Required action: When the word "view" appears in a line of the data below, list that line.

==================================================

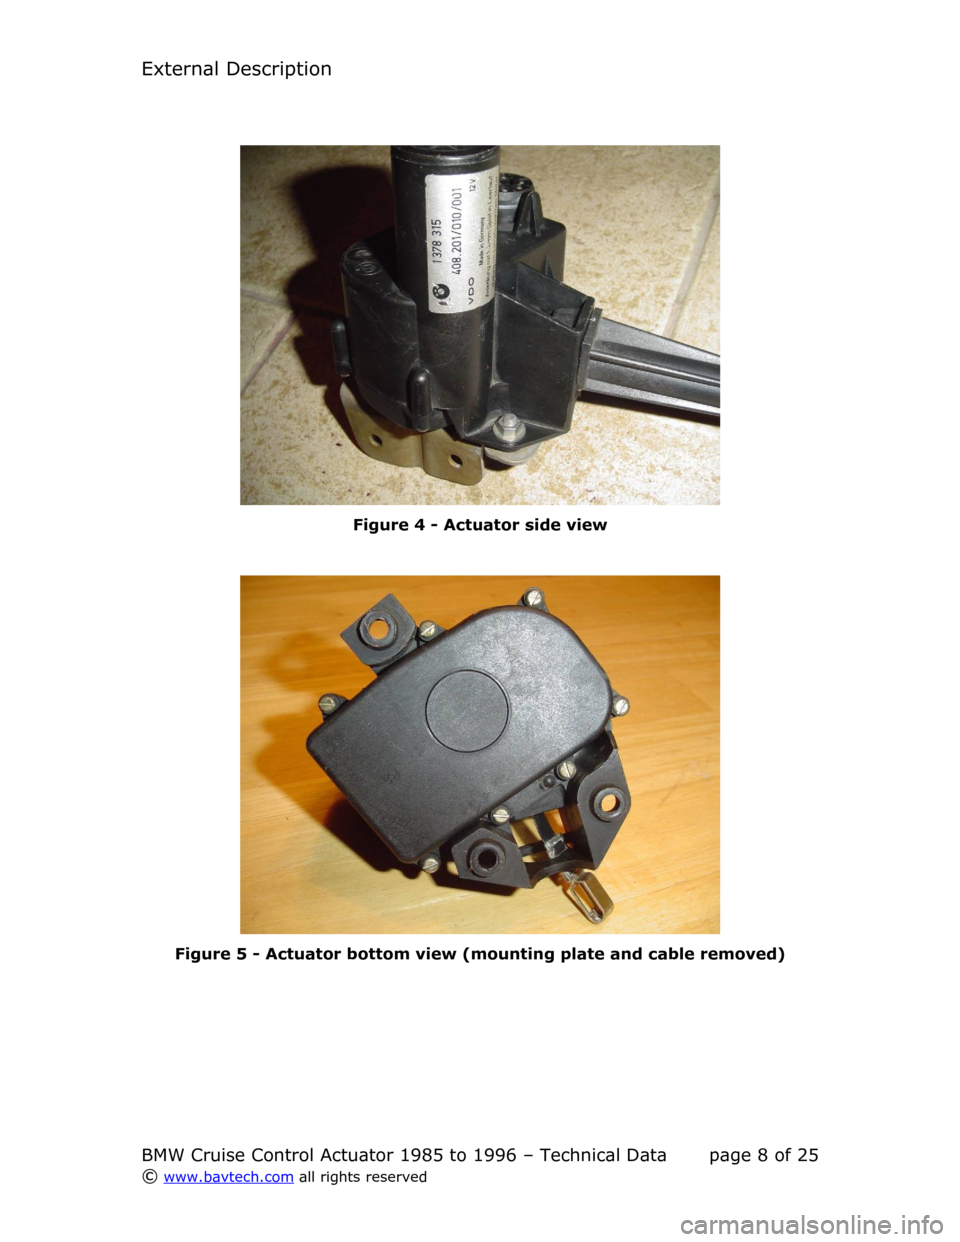 BMW 8 SERIES 1995 E31 Cruise Control Acutator External Description
Figure  4  - Actuator side view
Figure  5  - Actuator bottom view (mounting plate and cable removed)
BMW Cruise Control Actuator 1985 to 1996 – Technical Data page  8  of  25
©

==================================================

Output of the exercise:
Figure  4  - Actuator side view
Figure  5  - Actuator bottom view (mounting plate and cable removed)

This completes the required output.